Cruise Cabin Upgrade…Yay or Nay??

This is an opinion piece about the requirement, or lack thereof, to buy (or upgrade to) a balcony cabin on a cruise ship. Do note that this is based on my own experience.

My short answer is: No, I’d NEVER outright purchase a balcony cabin. However, I might upgrade if the purchase price is right. Out of the 4 cruises which I have been on, just twice have I upgraded in any form, both times from an inside to a balcony.

When I look at getting an update there are three (3) things I take into account:

#1: COST – This is very important to me, regardless of the “perks.” However, based on my budget at the moment, I shall also consider the following criteria.

For me personally this is same with cruising and helps me deciding if I wish to get an upgrade. What are the ports of call and how much does the boat sail from the coast?

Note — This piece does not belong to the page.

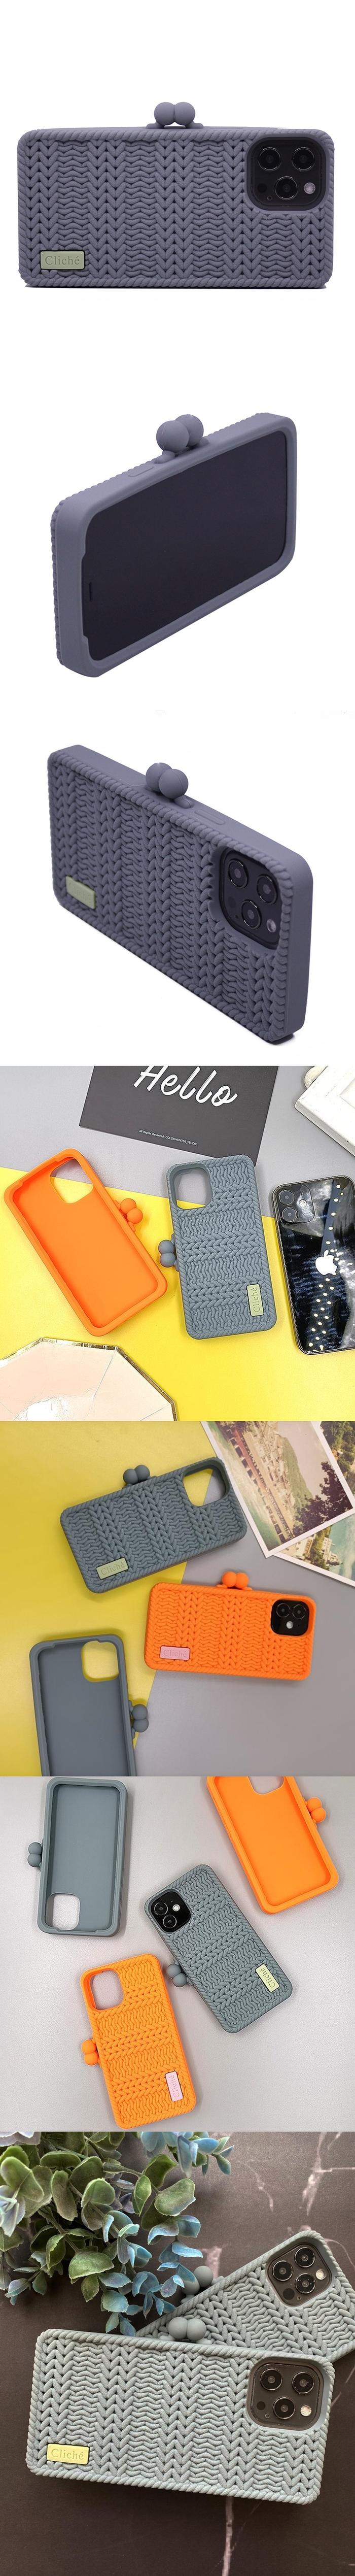 Candies|Cliche針織 雙珠扣錢包(灰) - iPhone 12 Pro Max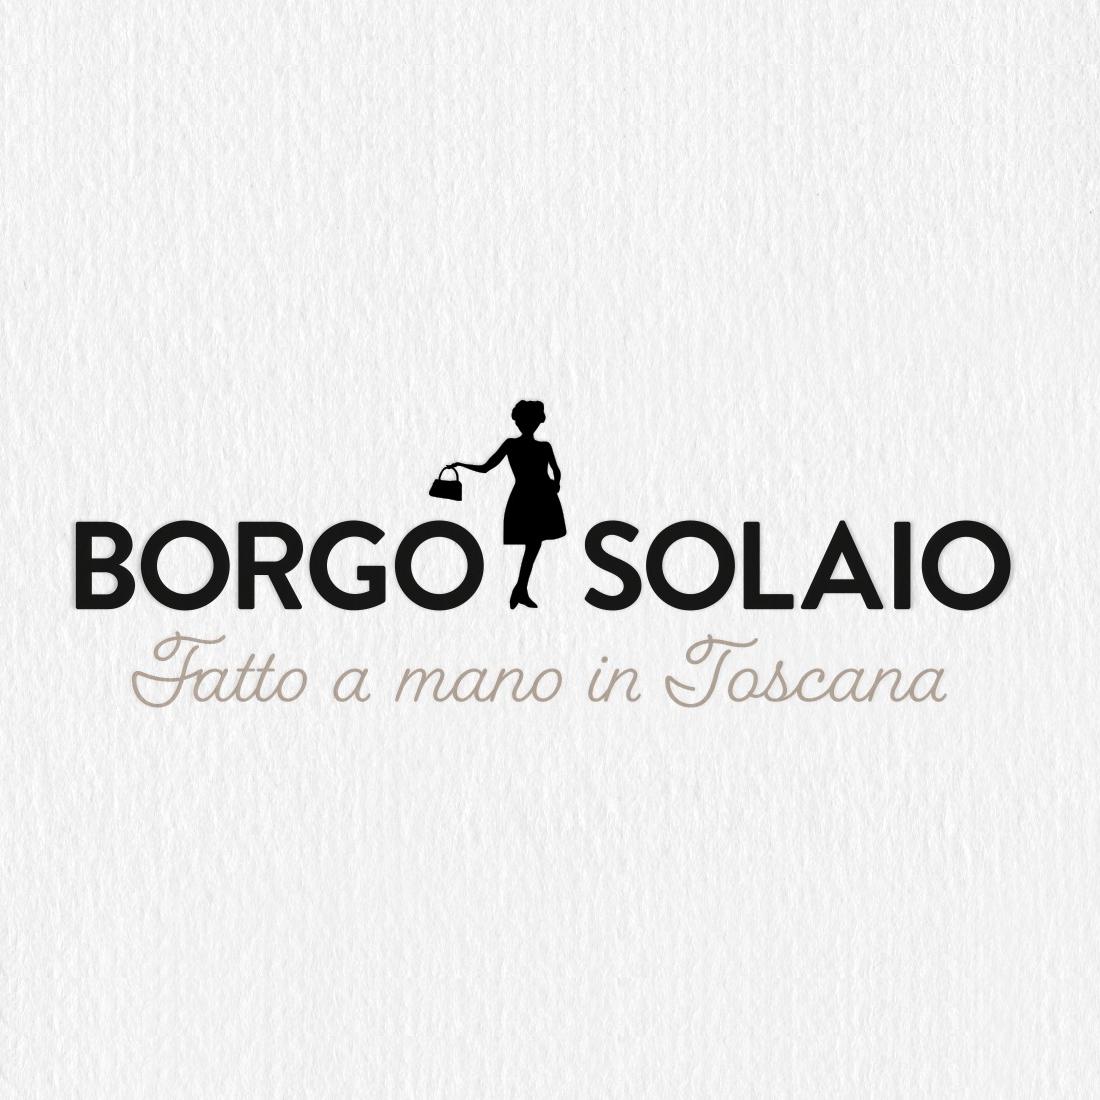 borgo-solaio-borsai-pietrasanta-lucca-profile

#3 DURATION – If I was to go on a weekend getaway, I could totally deal with an inside cabin. But if I was to choose a 21-day cruise I might prefer to obtain an upgrade.

This upgrade took place after we had boarded the ship and we had requested to be put on a waiting list for upgrades. The day after departure, the front desk notified us that there was an upgrade to a balcony cabin available for $300, we accepted. This was an okay upgrade, however, I would probably have skipped this offer if I knew then what I know today.

Because May is usually the first month when cruise lines start to re-enter Alaska following Winter ends, it was still “off-peak” season. In the time of booking, we paid only about $1100 – $1200 for a 10-day Inside passage cruise for 2 people.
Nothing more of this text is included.